The death of my foster parents seemed to be just the beginning. After that, I would have bouts of severe mental fatigue or sometimes even total loss of consciousness. Every time this happened, it would always be followed up by some strange event. Everything from disembodied footsteps, to apparitions, or even furniture flying across the room. Nothing as big as the first incident ever happened again, but due to the other occurrences, I never stayed in a single home for very long. I mean, who would want to adopt a child that came with a squadron of poltergeists?
At this point, I think anyone could figure out why I was called the "horror child."
In an effort to alleviate my situation and using my child-like logic, I decided to fight back. How would I challenge my supposed poltergeist? By reading and watching every horror story, I could find, of course. Does that not make sense? Well, in my young little brain, it seemed like the greatest idea I ever had. My logic was that this must keep happening because I am scared, so how do I not be scared anymore? By experiencing so much horror-related material that I would become numb to it. Not surprisingly, things got much worse.
Finally, the state took me to a psychiatrist, and I was prescribed a few different medications. Somehow the medication worked. How can a drug solve a poltergeist? I don't know, but it worked.
Regardless, the damage was done, I spent all my life never letting anyone get too close.
Life went on, and with the help of public funds, a few scholarships, and a large amount of debt, I went to a public university. After four years, I received a bachelor's in civil engineering. I proceeded to work in the United States for a while and eventually got tired of the routine. Thus I decided to apply for a job abroad in Japan.

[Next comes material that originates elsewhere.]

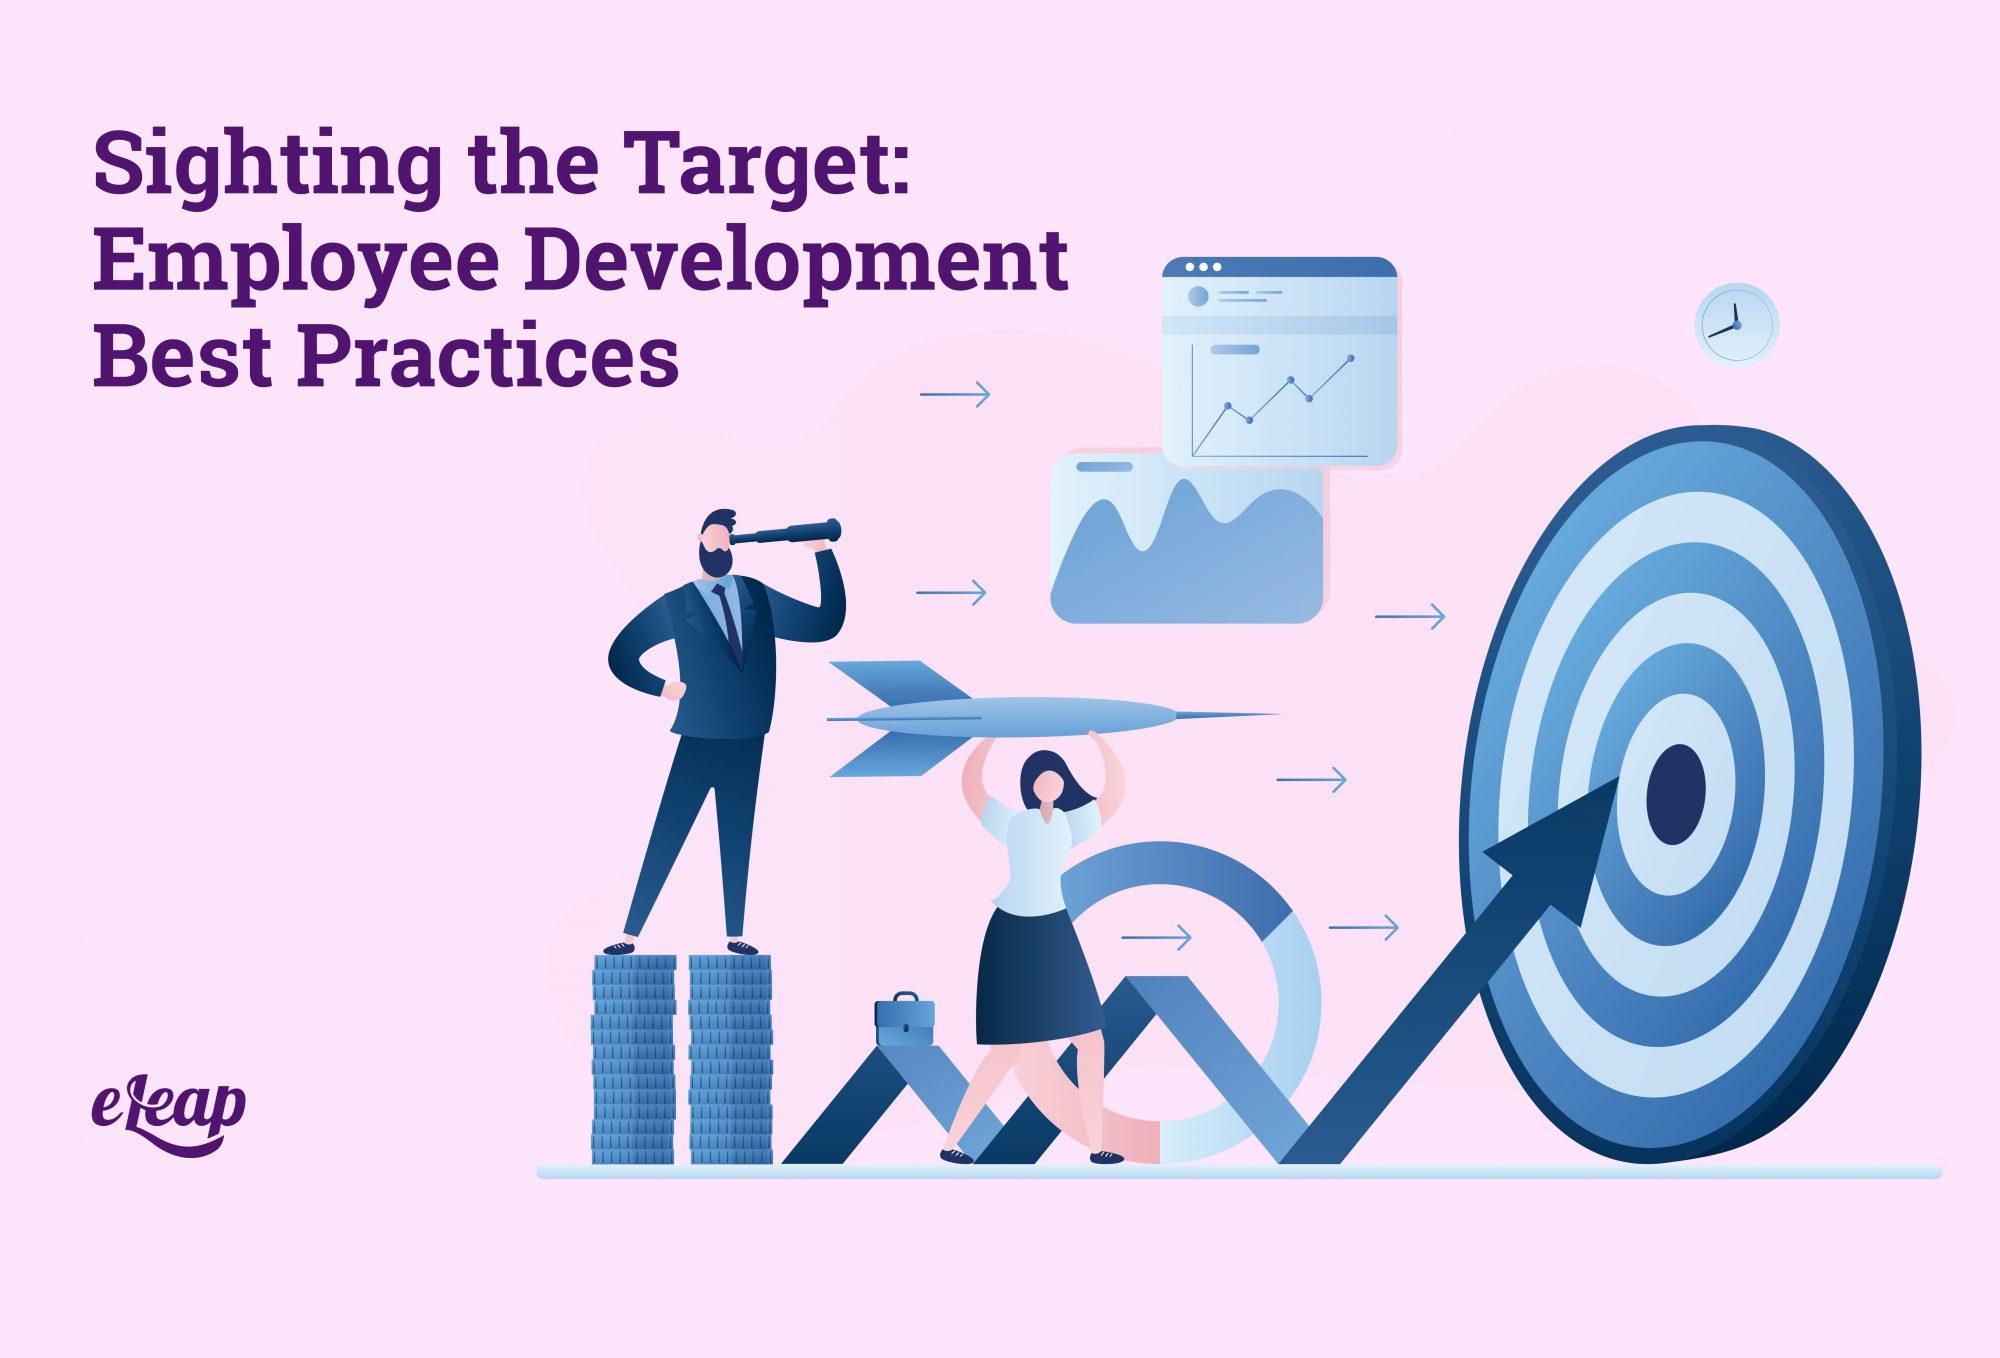 Sighting the Target: Employee Development Best Practices

I am two years into my three-year Japanese work visa, so I have more or less adapted to my work life and living environment. Currently, I am leading a small team of engineers in finalizing a set of designs for a few bridges in the area around Tokyo.
Turning my head, I look toward the girl standing next to me and say in Japanese.
"Alright, Akari, you can go home now."
Akari is an intern that usually helps with small things like printing and organizing. She is eighteen, still in college, and the daughter of the owner.
With doubtful eyes, Akari turns toward me.
"Mr. Adams, are you sure? Don't we need to finish putting all this together?"
By this time, everyone excluding Akari and I have gone home for the night.
"Yes, go on, it's getting late. Besides, all that's left to do is send a few emails and prepare postage for some plan sets."
With some hesitation in her voice, "Okay, if you're sure, I'll leave now."
"Have a good night."
Glancing back once more, Akari grabs her coat and leaves.
"Shouldn't take too long to finish what I need to do."
Suddenly an ethereal voice sounds in my head.
[Main Task: Ancient Goddess
1) Go to women's restroom, enter the farthest stall, wait for the system to trigger event.
Task Reward: System Permanently Bound to Host
Failure: Loss of System]
This is the system. Two days ago, it appeared along with this weird task.
When I tried to ask questions, it would only ever say.
[Host there will be plenty of time for questions after the completion of the task.]
The system came to me on a Saturday, and I had no plans of sneaking into the women's restroom to test whether or not the system is a hallucination.
But tonight is the night. With Akari leaving, I should be the only one left.